# EXERCISE OBJECTIVE
All lines below between the line with "1866, Crónica general" and the line with "Arkham은 정부 제휴, 사용자", including both, must be copied exactly, and the pictures must be omitted.

# RECORD SET
+++

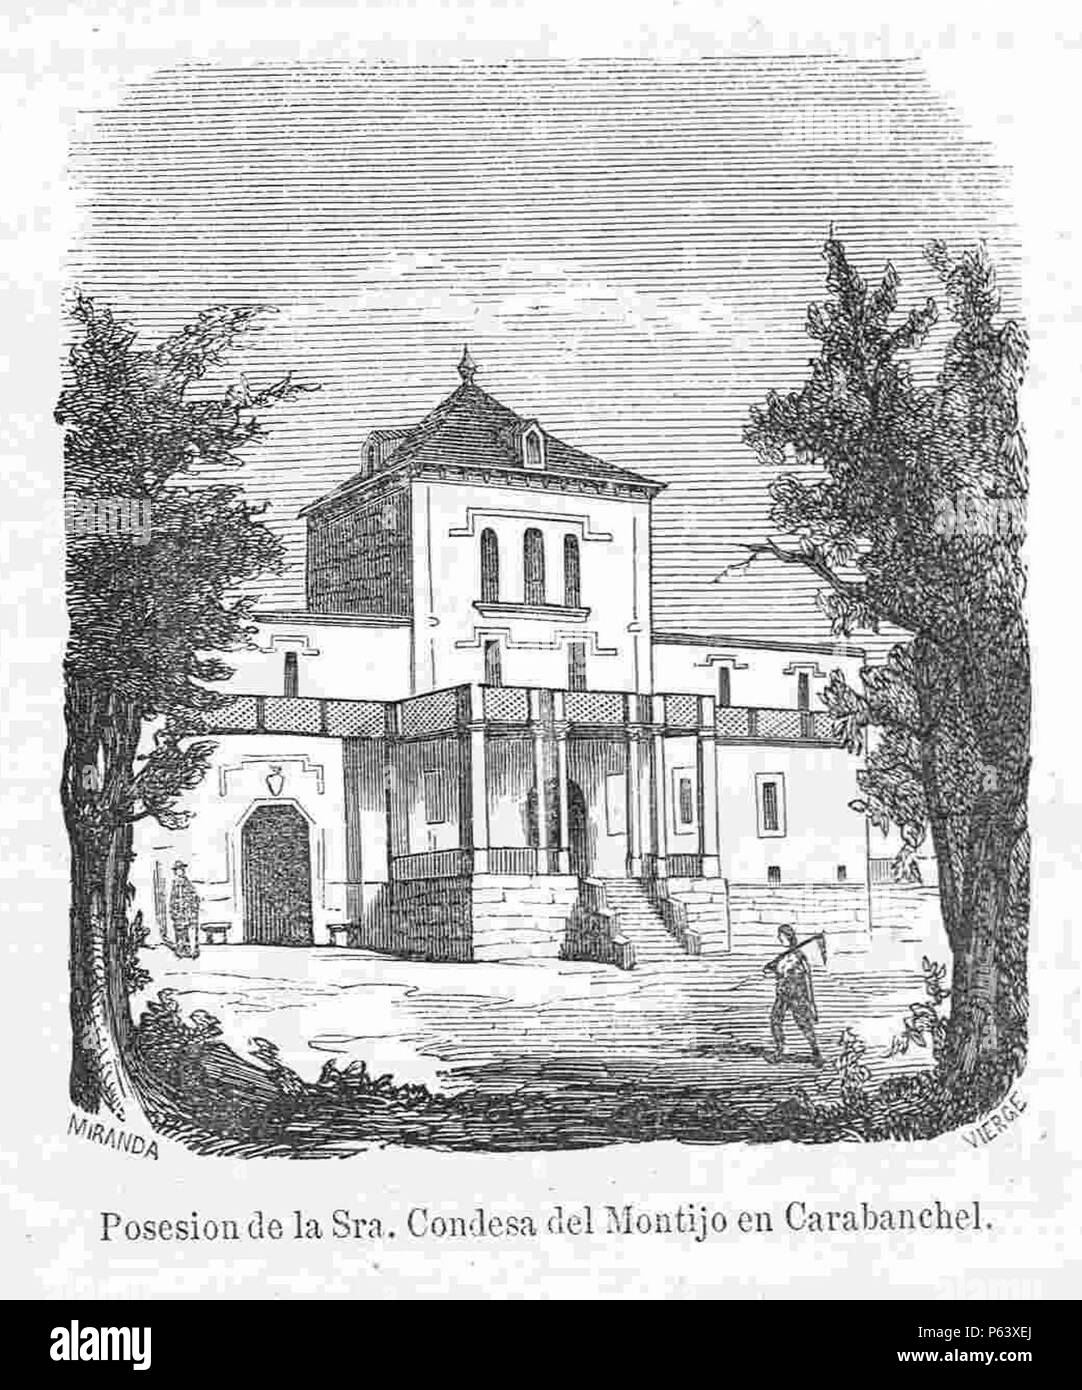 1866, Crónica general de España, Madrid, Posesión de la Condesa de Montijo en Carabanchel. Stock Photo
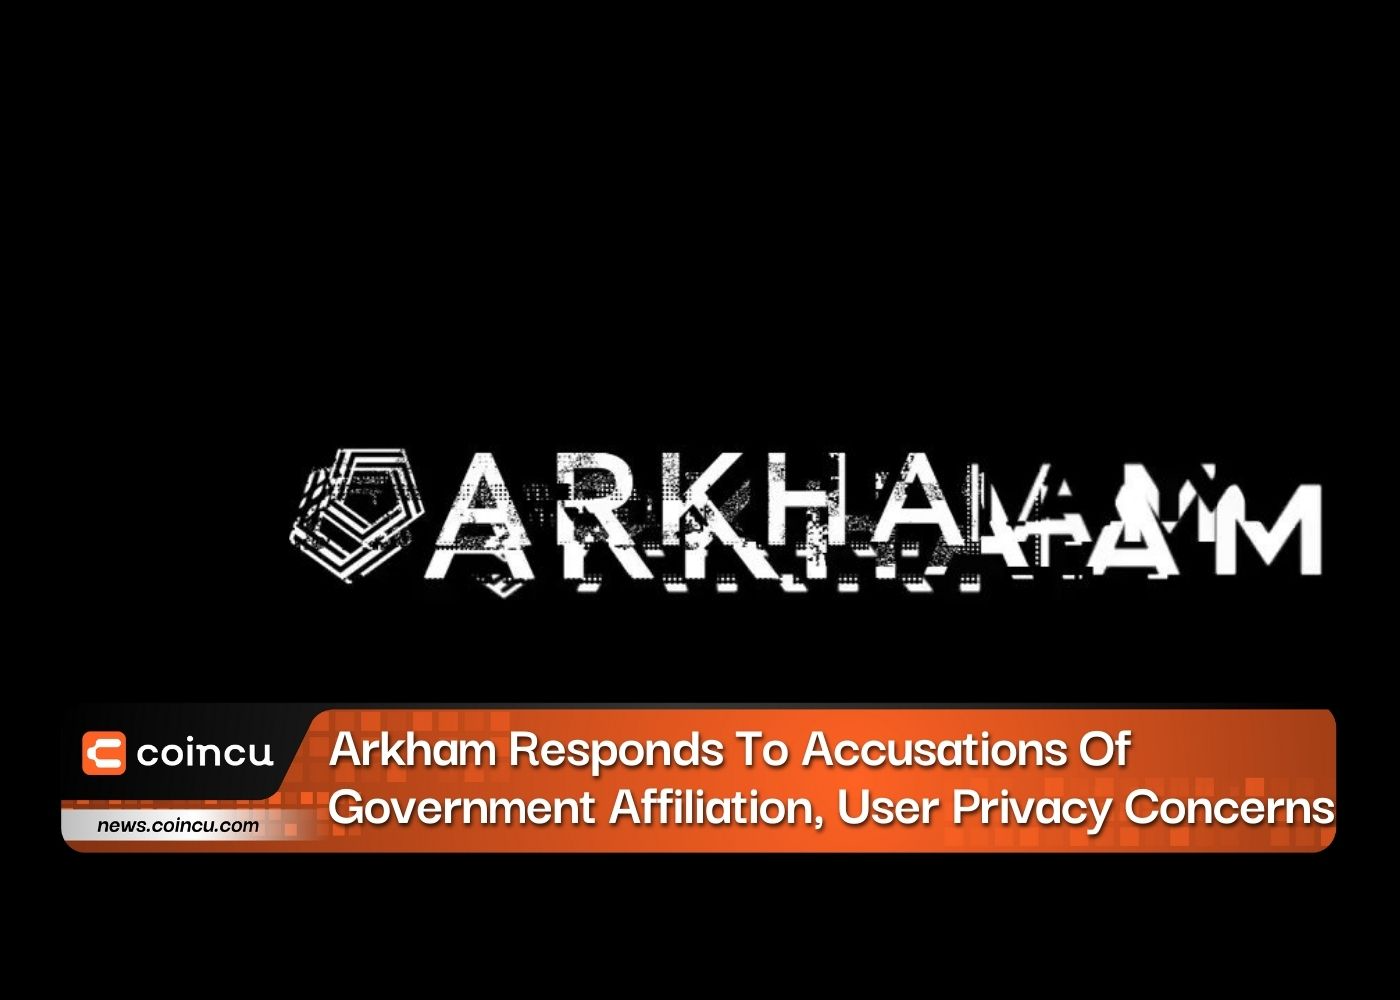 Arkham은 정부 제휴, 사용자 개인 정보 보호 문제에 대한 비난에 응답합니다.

+++

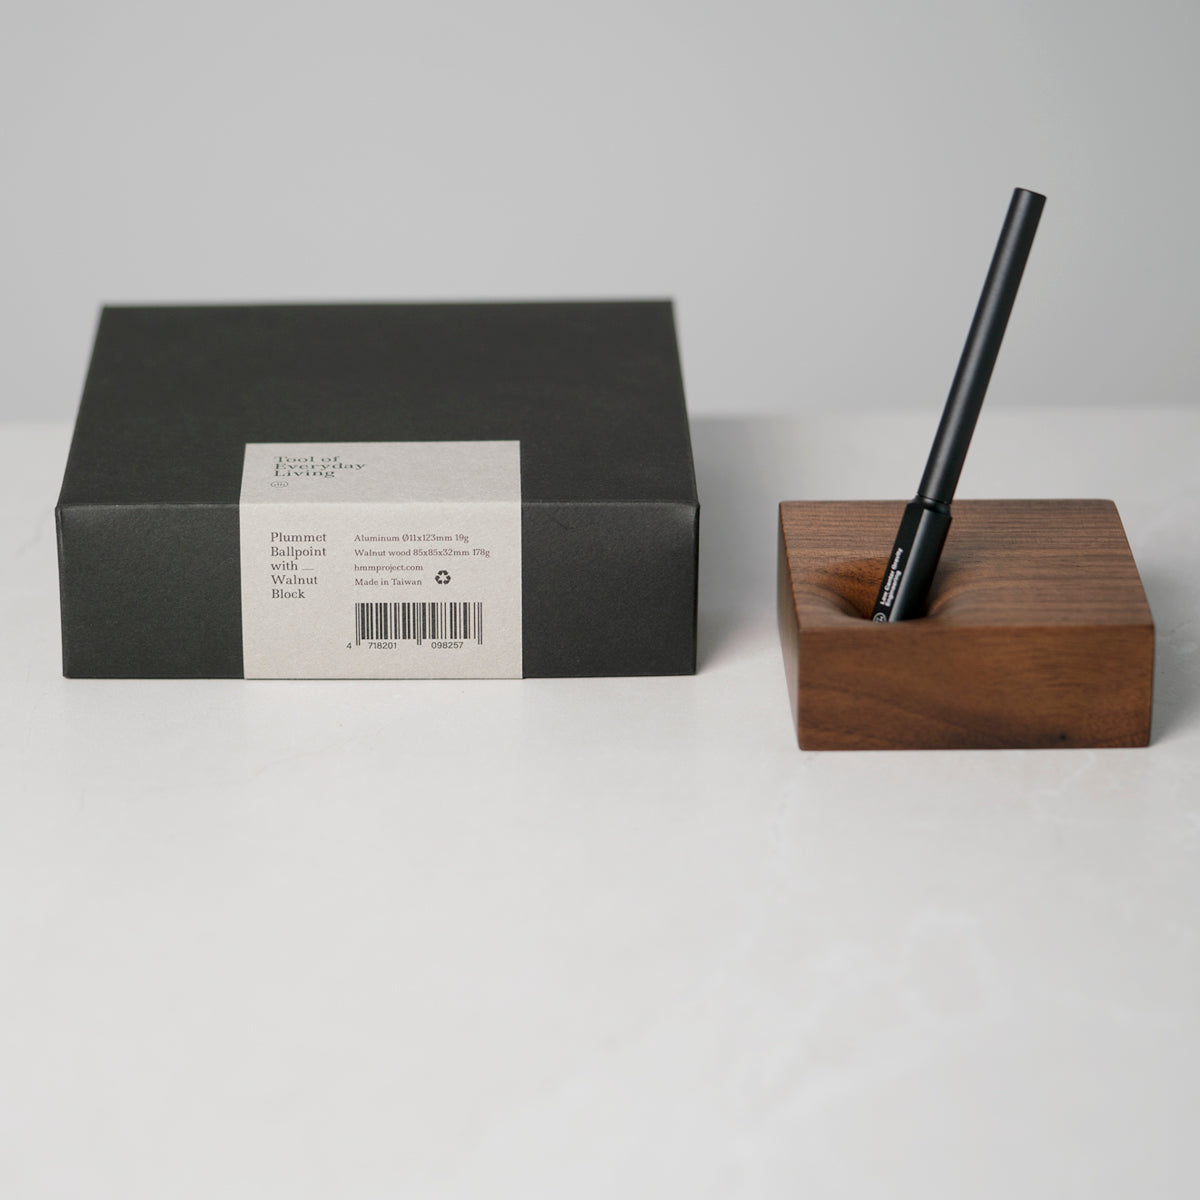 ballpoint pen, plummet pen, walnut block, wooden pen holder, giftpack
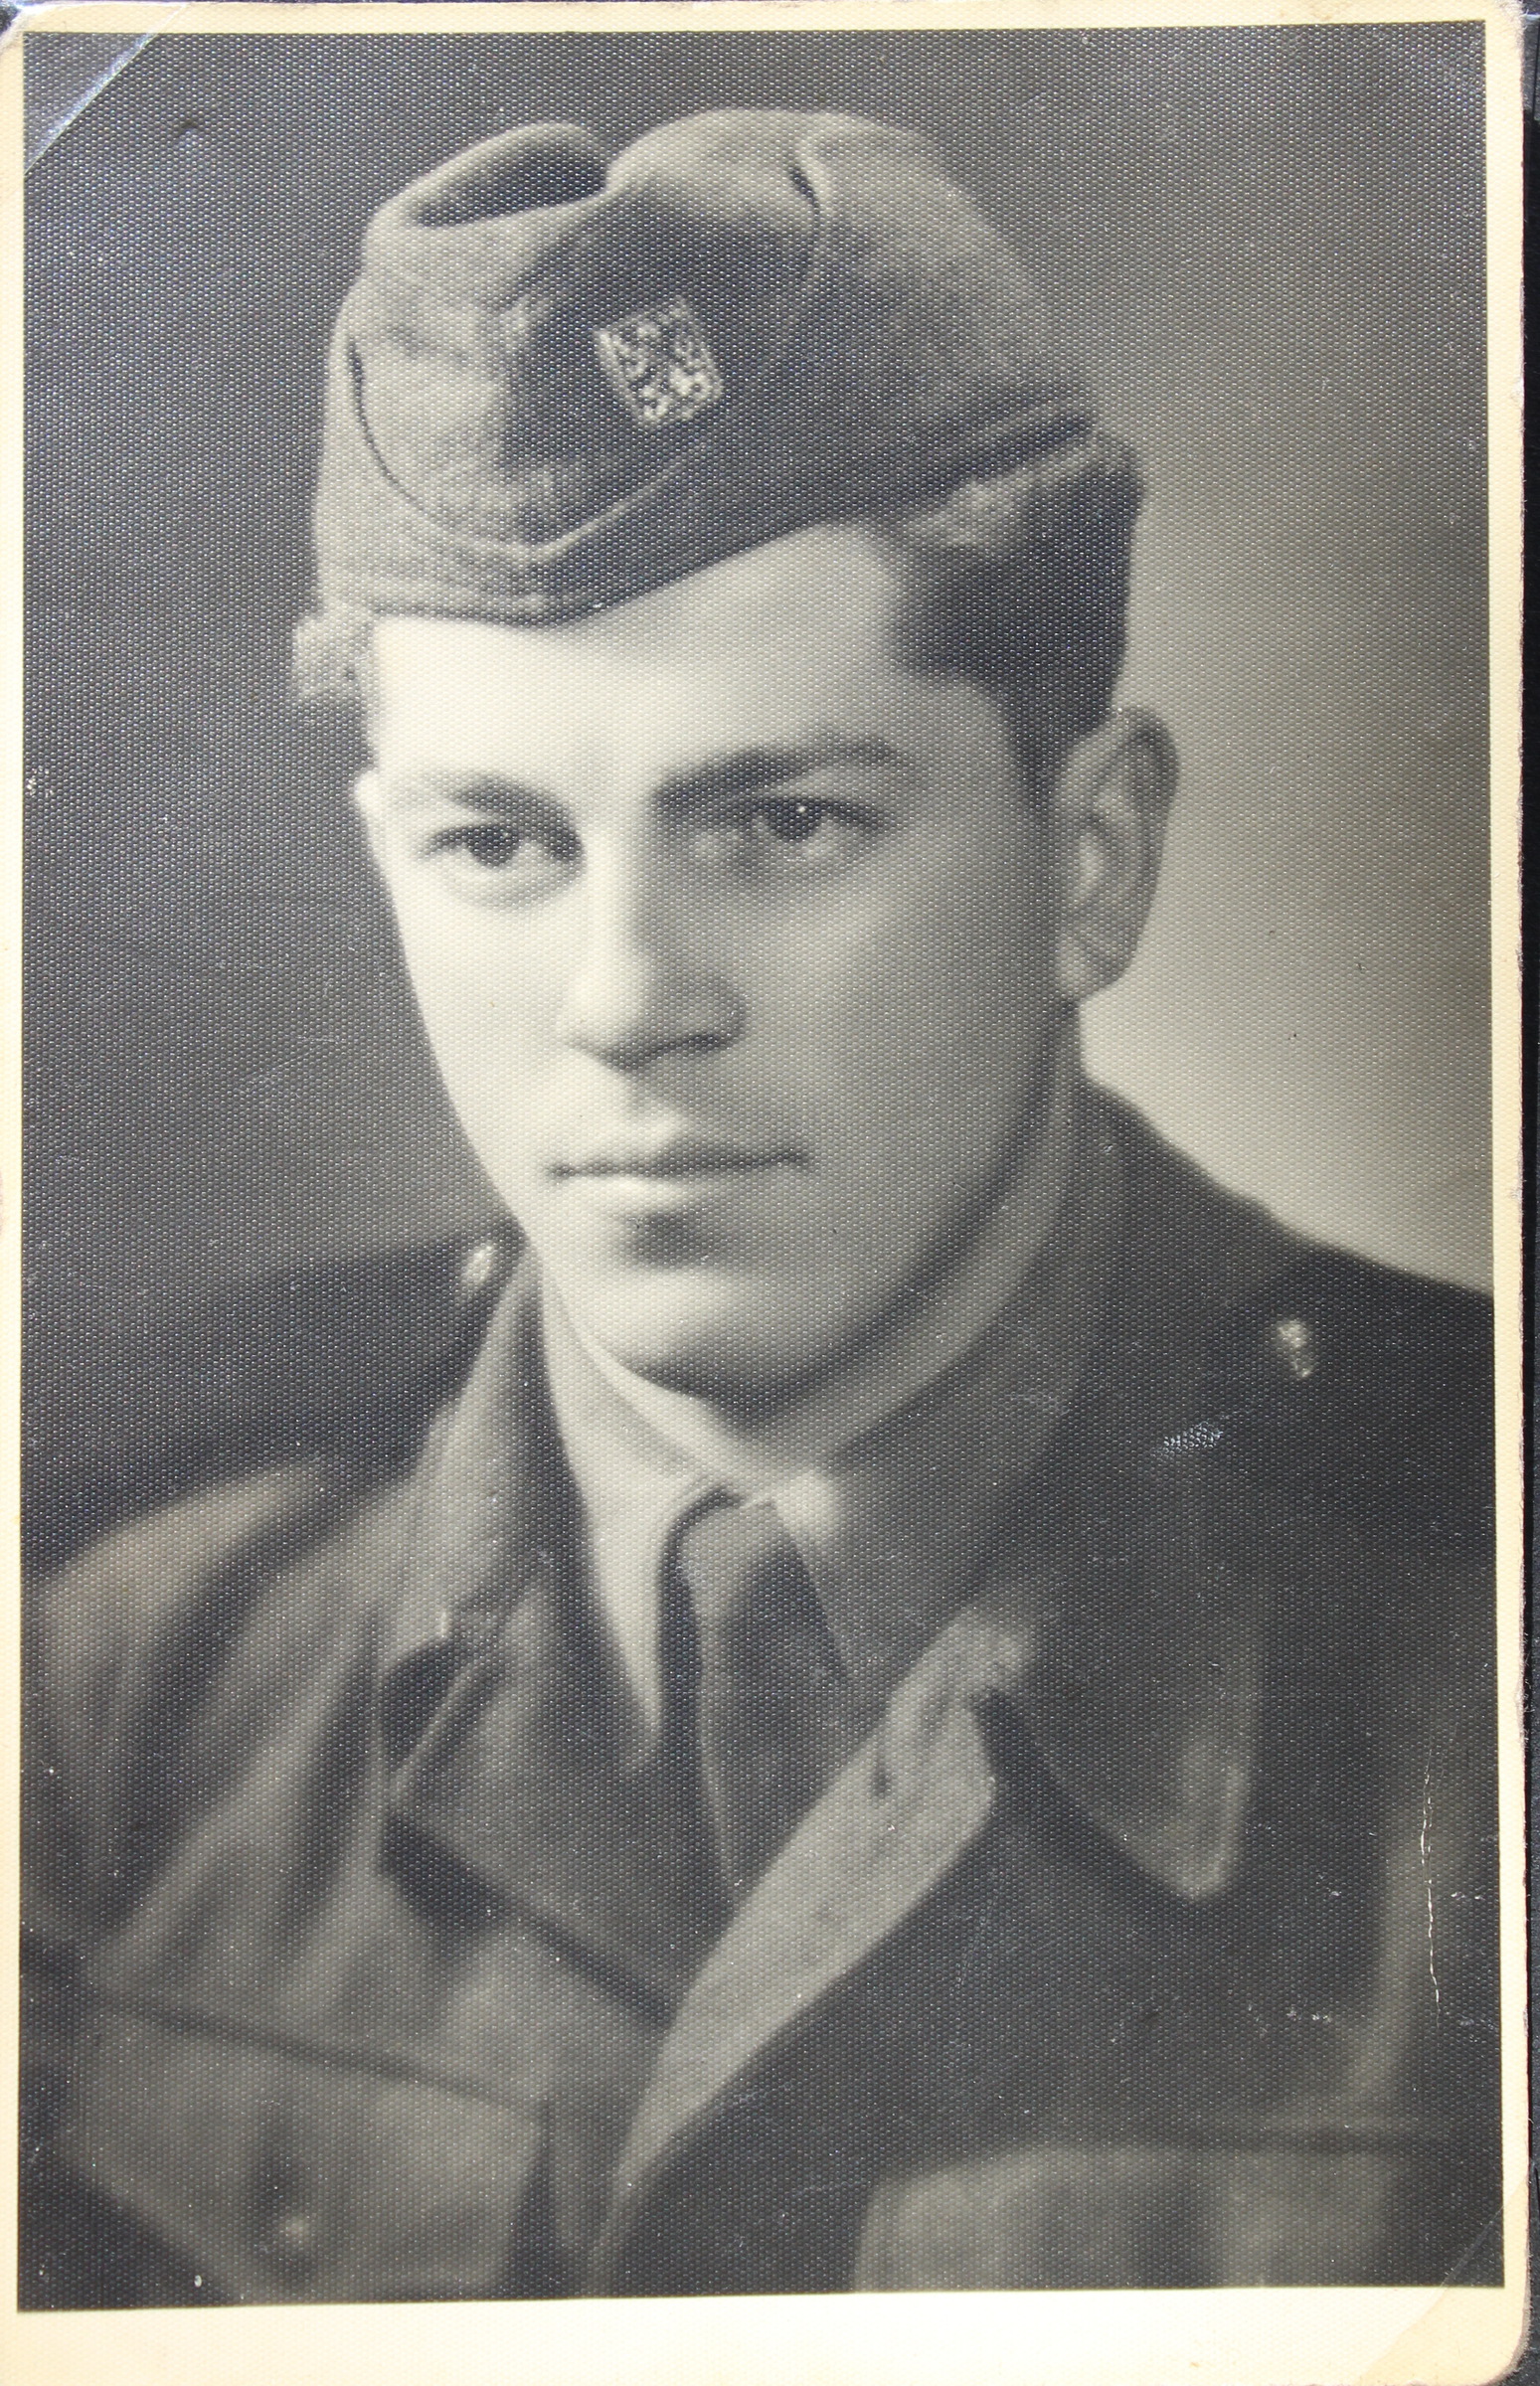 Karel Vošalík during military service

+++

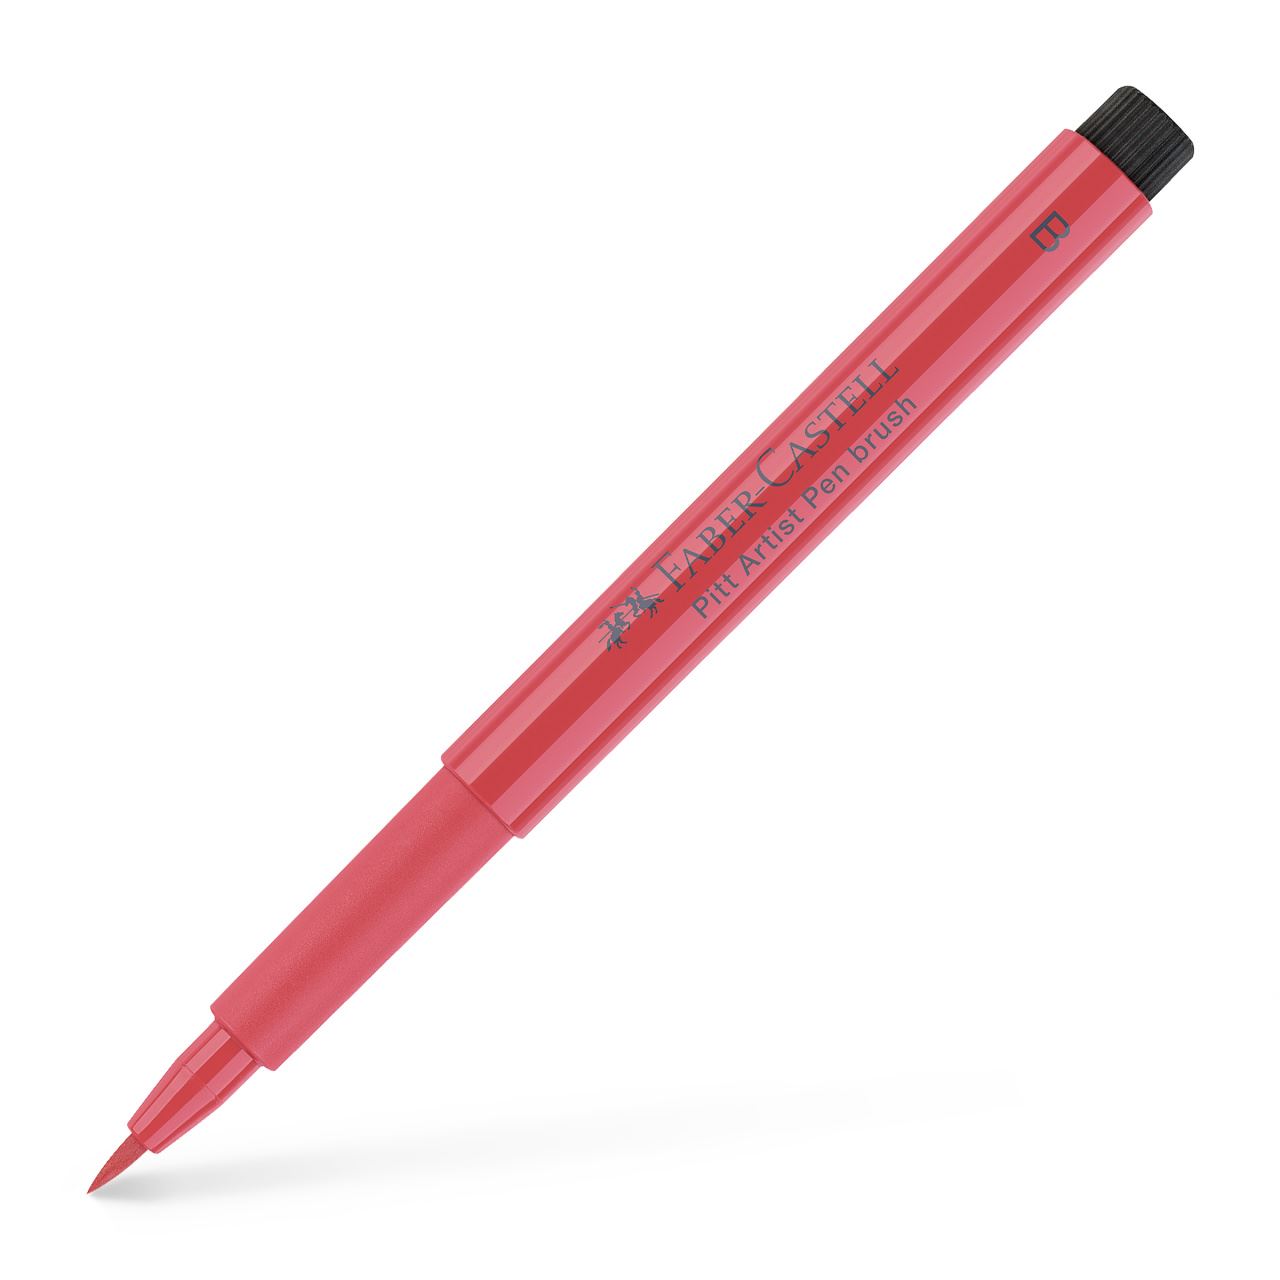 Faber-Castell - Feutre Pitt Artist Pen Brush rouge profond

+++

# EXERCISE RESPONSE
 1866, Crónica general de España, Madrid, Posesión de la Condesa de Montijo en Carabanchel. Stock Photo
 Arkham은 정부 제휴, 사용자 개인 정보 보호 문제에 대한 비난에 응답합니다.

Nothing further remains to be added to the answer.